Para Mariana Regis, sim. “A conduta negligente dos homens afeta também a vida das mães, sem dúvidas”, frisa. “O Direito Civil nos diz que o dano deve ser descrito em sua total extensão. Quando a gente pleiteia reparação por danos morais, pleiteamos por todos os danos causados àquela família”, explica. “É uma discussão que nós, advogada feministas, estamos tendo, da possibilidade de provocar o Judiciário para responsabilizar esses pais pelos danos causados à vida dessas mães, e não são poucos os danos”, reforça.
“A sociedade sempre culpa a mãe pela gravidez, pela escolha do pai para o filho. Mas o único responsável por isso é o homem. Quantas mulheres não sofrem ao verem seus filhos sofrendo pela ausência do pai? Muitas mulheres me confidenciam que ligam para os pais e mentem para os filhos falando que foram eles que ligaram para verem as crias felizes. Mas é mentira, pois o pai nunca ligou, sempre esquece do aniversário da criança, diz que vai ligar no dia para dar parabéns, e mesmo sendo avisado com antecedência, não o faz. Isso gera um dano para esta mãe”, afirma.

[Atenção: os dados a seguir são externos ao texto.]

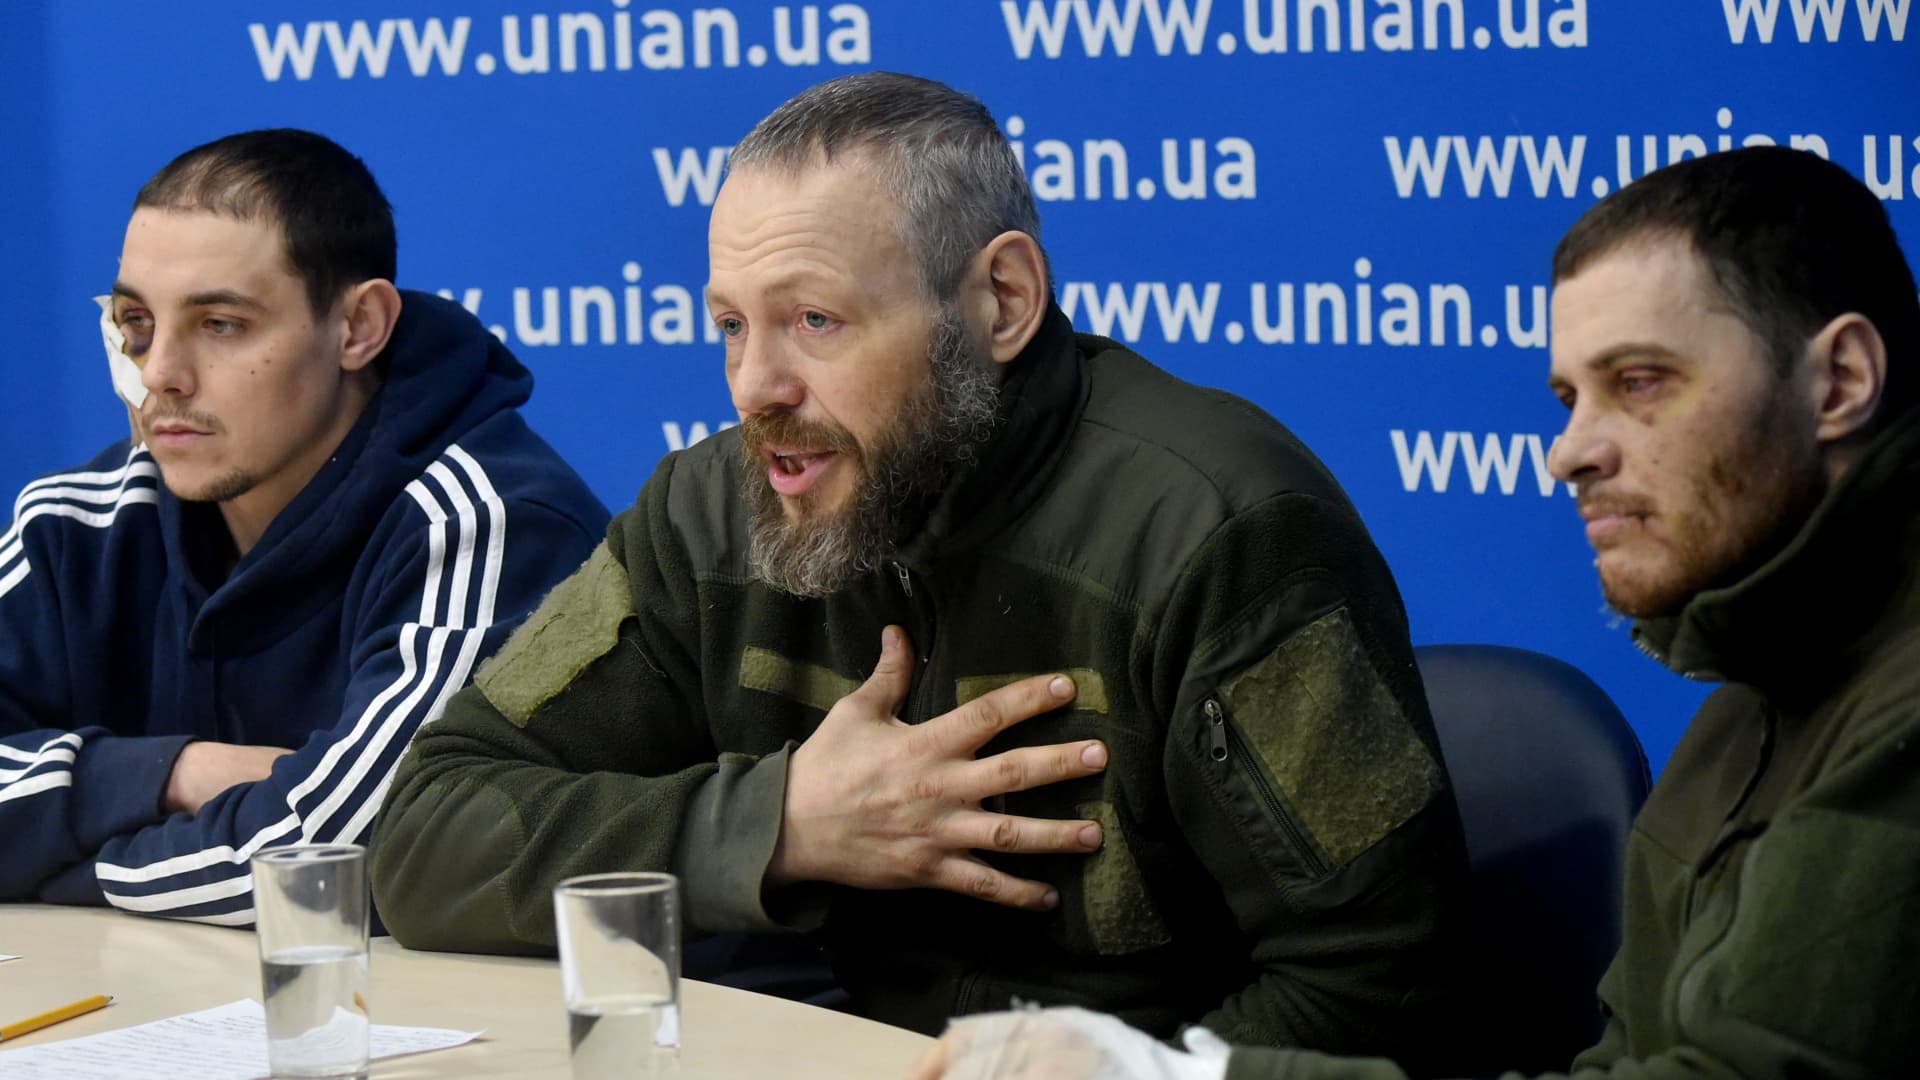 Russian prisoners of war, officers of the police sergeant Yevgeniy Plotnikov, lieutenant colonel Dmitriy Astakhov, and captain Yevgeniy Spiridonov are presented to the press in Ukrainian capital of Kyiv on March 2, 2022.

A advogada declara que muitas mulheres estão recorrendo à terapia para lidar com esse sofrimento. “É uma devastação. Eles deixam um rastro de sofrimento, não só na criança, mas nas mães também. Ela é, no mínimo, testemunha do sofrimento do filho, sem falar do impacto financeiro”, destaca. O sofrimento também é estendido aos avós. “Se essa mulher tem uma família afetuosa, uma rede de apoio, essa família sofre junto também. Muitas avós também relatam o quanto estão tristes com o abandono, que se sentem adoecidas, perdendo noites com tamanho sofrimento”, diz Mariana Regis.
Mas se essa mulher não tem um apoio familiar, ela é ainda mais culpabilizada com acusações da família de que não soube escolher o pai dos filhos, ainda sofre quando há dependência financeira dos familiares. Todas essas situações contribuem para o seu adoecimento. Além do que, sempre há acusações de que as mulheres são “doidas, oportunistas e interesseiras” em toda disputa de alimentos e cuidado.
Para além deste sofrimento, Mariana, que sempre circula pelos corredores dos fóruns com processos debaixo dos braços, diz que o Poder Judiciário também faz com que esta mulher desista da busca pelo direito dos próprios filhos diante da burocracia e do cansaço processual. “Os pais podem pagar multas astreintes a cada vez que não aparecem, quando não cumprem os acordos de cuidados do filho. Mas a cada vez que ele falha, essa mulher se vê indo até o Judiciário cobrar essa multa. E nós, que advogamos na Bahia, sabemos bem a realidade do Judiciário baiano, ainda mais agora na pandemia”, contextualiza. “É uma carga mental enorme, e essas mulheres precisam escolher suas batalhas”, lamenta. Por isso, sempre que possível, Mariana Regis orienta a busca de um acordo amigável entre as partes, para evitar a via crucis do Judiciário.